Hi,

Just wondering, why such an elaborate zero crossing detector?

Hi

Only thing I can think of is to synchronize AC load switching with zero crossing. But that's more applicable to solid state load switches (TRIACs, etc.). Relays are too slow.

 

Hi

Only thing I can think of is to synchronize AC load switching with zero crossing. But that's more applicable to solid state load switches (TRIACs, etc.). Relays are too slow.

But do you need such a complicated circuit to do that? That's all I was wondering. Since I don't know exactly what you want or need from this, I can only suggest a rough circuit you can use. It's always your choice of course.

To start, you have an optocoupler. It has an LED internally that when you drive it with maybe 5ma it turns 'on'. Depending on load though, you may get away with even less current.
Now with a full wave rectified sine input, you drive the LED though maybe a 50k resistor. Now the voltage threshold is dependent on the drop of two diodes and one LED. That total drop might be about, let's say, 3 volts. Now 3 out of 325 is less than 1 percent, so the conduction angle will be low. That means you'll get an output signal that goes higher around the zero crossing and stays low above that 3 volts. That's your zero crossing signal.
You can even set the pulse width to be wider by adding an extra diode drop. That ensures a wider pulse to work with.
The error in say calculating the RMS voltage using that signal as a start and end time would be minimal. It could be very low less than 0.1 percent. We can go over that calculation though if you like.
So this circuit requires a full wave rectifier, a resistor on the output that feeds the optocoupler input, and a pullup resistor on the output of the optocoupler. That's pretty simple, but of course you have to figure out if that is good enough for what you are doing.

 

at least MrAI , hes decided on a circuit and is moving forward.

Hi,

I was just looking at simpler methods.
Back in the day we created one that just used one resistor and two diodes, and since we were already using comparators we used a comparator.
The resistor connects between the line and the two diodes. The two diodes are connected antiparallel so they clamp the voltage across them to plus and minus around 0.7 volts. That signal is then picked up by a comparator and the comparator output is used as the zero crossing reference.
This was used on a very high power (100 amps, 240vac) static switch for commercial/industrial/military clients.

 

But do you need such a complicated circuit to do that? That's all I was wondering. Since I don't know exactly what you want or need from this, I can only suggest a rough circuit you can use. It's always your choice of course.

To start, you have an optocoupler.
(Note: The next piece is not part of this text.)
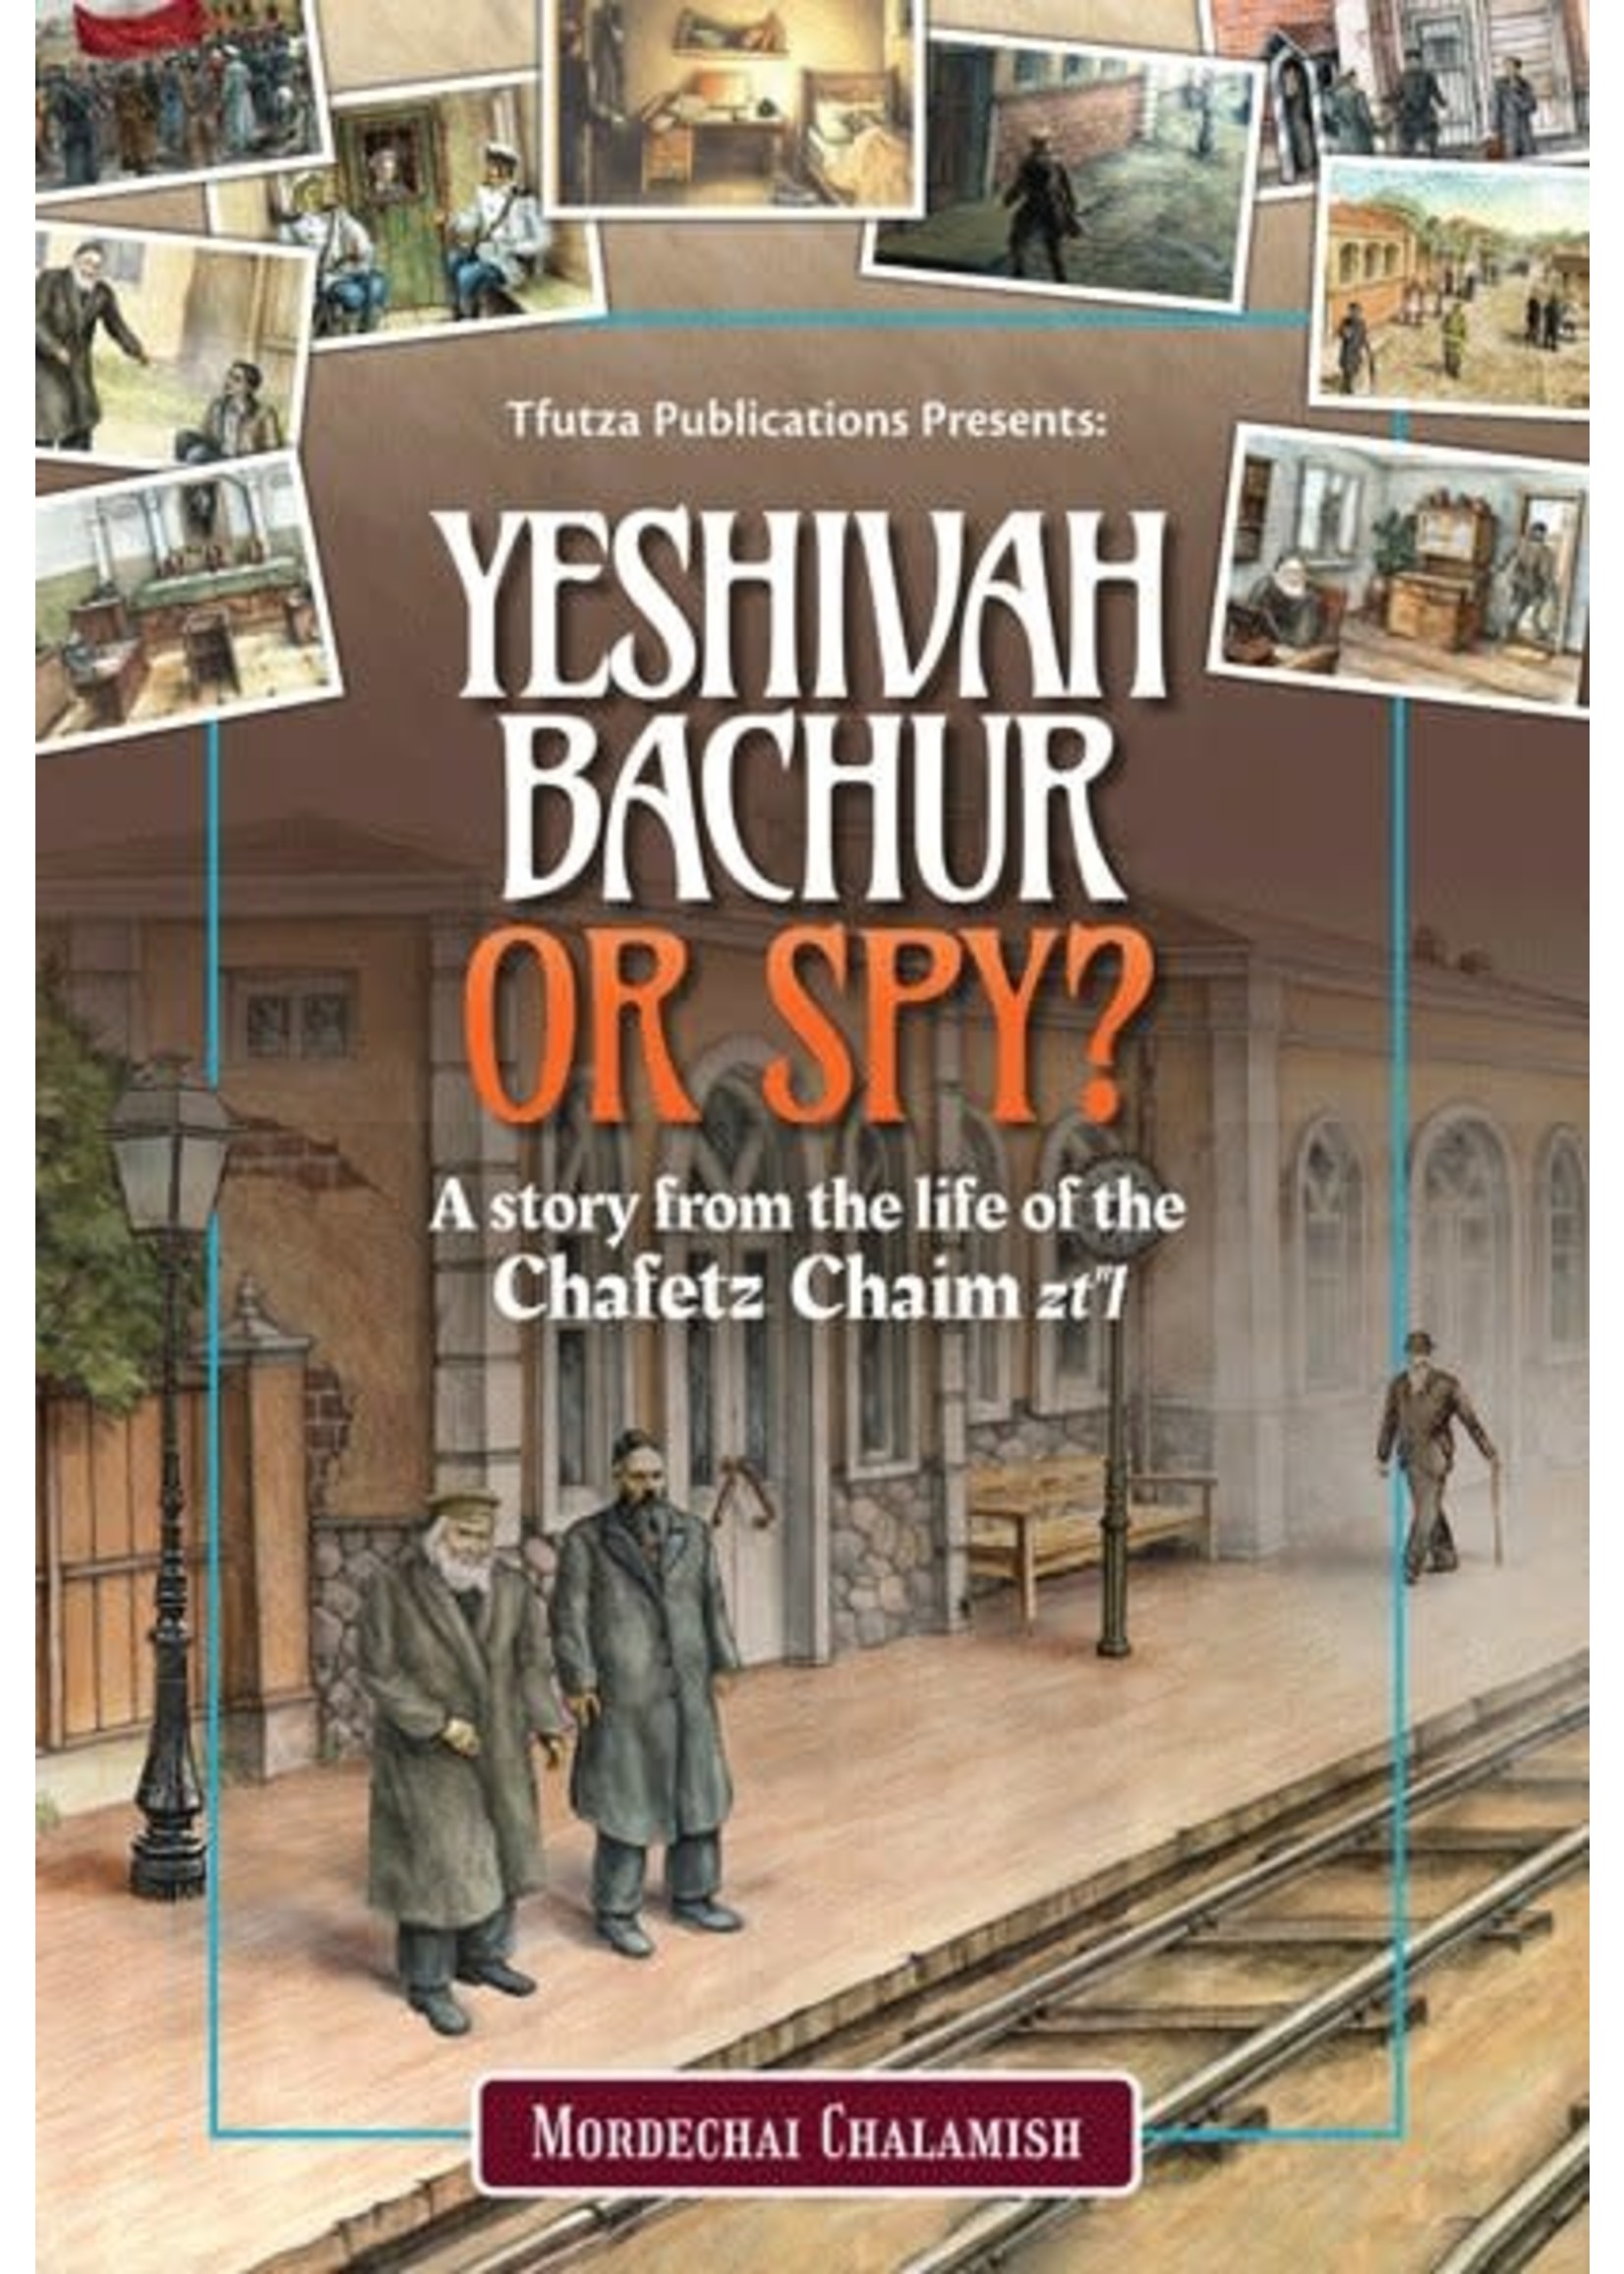 YESHIVA BOCHUR OR SPY?

It has an LED internally that when you drive it with maybe 5ma it turns 'on'. Depending on load though, you may get away with even less current.
Now with a full wave rectified sine input, you drive the LED though maybe a 50k resistor. Now the voltage threshold is dependent on the drop of two diodes and one LED. That total drop might be about, let's say, 3 volts. Now 3 out of 325 is less than 1 percent, so the conduction angle will be low. That means you'll get an output signal that goes higher around the zero crossing and stays low above that 3 volts. That's your zero crossing signal.
You can even set the pulse width to be wider by adding an extra diode drop. That ensures a wider pulse to work with.
The error in say calculating the RMS voltage using that signal as a start and end time would be minimal. It could be very low less than 0.1 percent. We can go over that calculation though if you like.
So this circuit requires a full wave rectifier, a resistor on the output that feeds the optocoupler input, and a pullup resistor on the output of the optocoupler. That's pretty simple, but of course you have to figure out if that is good enough for what you are doing.
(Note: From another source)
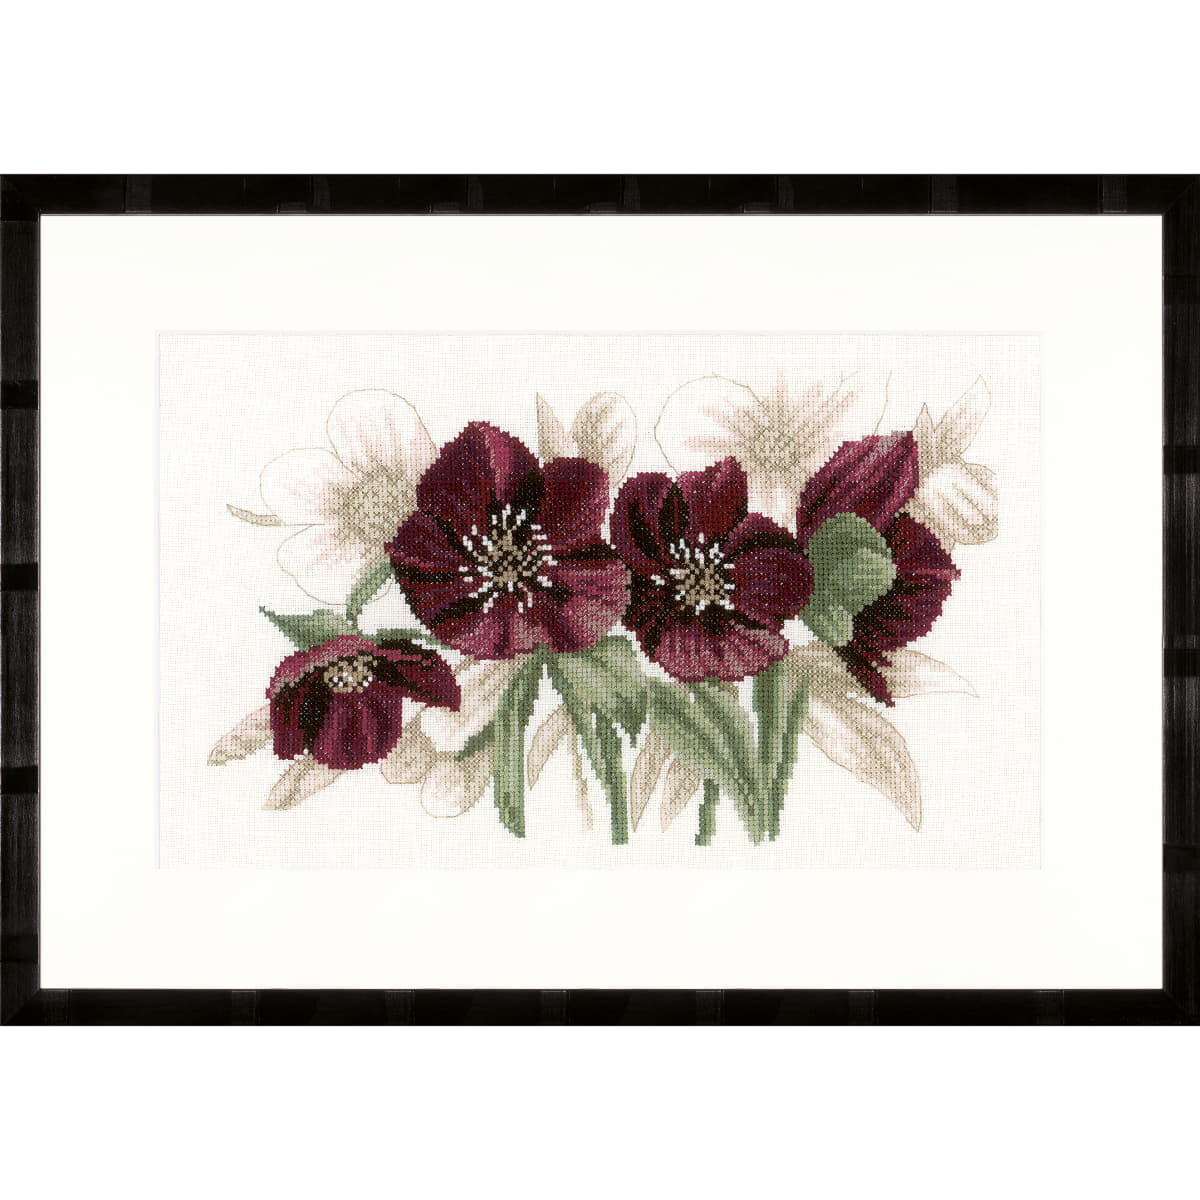 A framed picture of a floral arrangement by Lanarte...

I don't disagree Mr Al, it was a rhetorical statement.
The signal conditioning would need to be different. There's no point in ZCD if using relays to switch the load.

 

Hi

Only thing I can think of is to synchronize AC load switching with zero crossing. But that's more applicable to solid state load switches (TRIACs, etc.). Relays are too slow.

Hi,

I am not sure what you mean. You mean he is using relays?

 

Hi,

I am not sure what you mean. You mean he is using relays?

Yes. His circuit shows relays to switch the taps on the (Load) auto-transformer.

 

Yes. His circuit shows relays to switch the taps on the (Load) auto-transformer.

Hi,

Oh ok, then I would think he would want to try to time it somehow, if that is possible.
Another possibility is to sense the current in the coil of the relay and use that as feedback in order to adjust future activations. Maybe that would help anyway.

 

Hi,

Oh ok, then I would think he would want to try to time it somehow, if that is possible.
Another possibility is to sense the current in the coil of the relay and use that as feedback in order to adjust future activations. Maybe that would help anyway.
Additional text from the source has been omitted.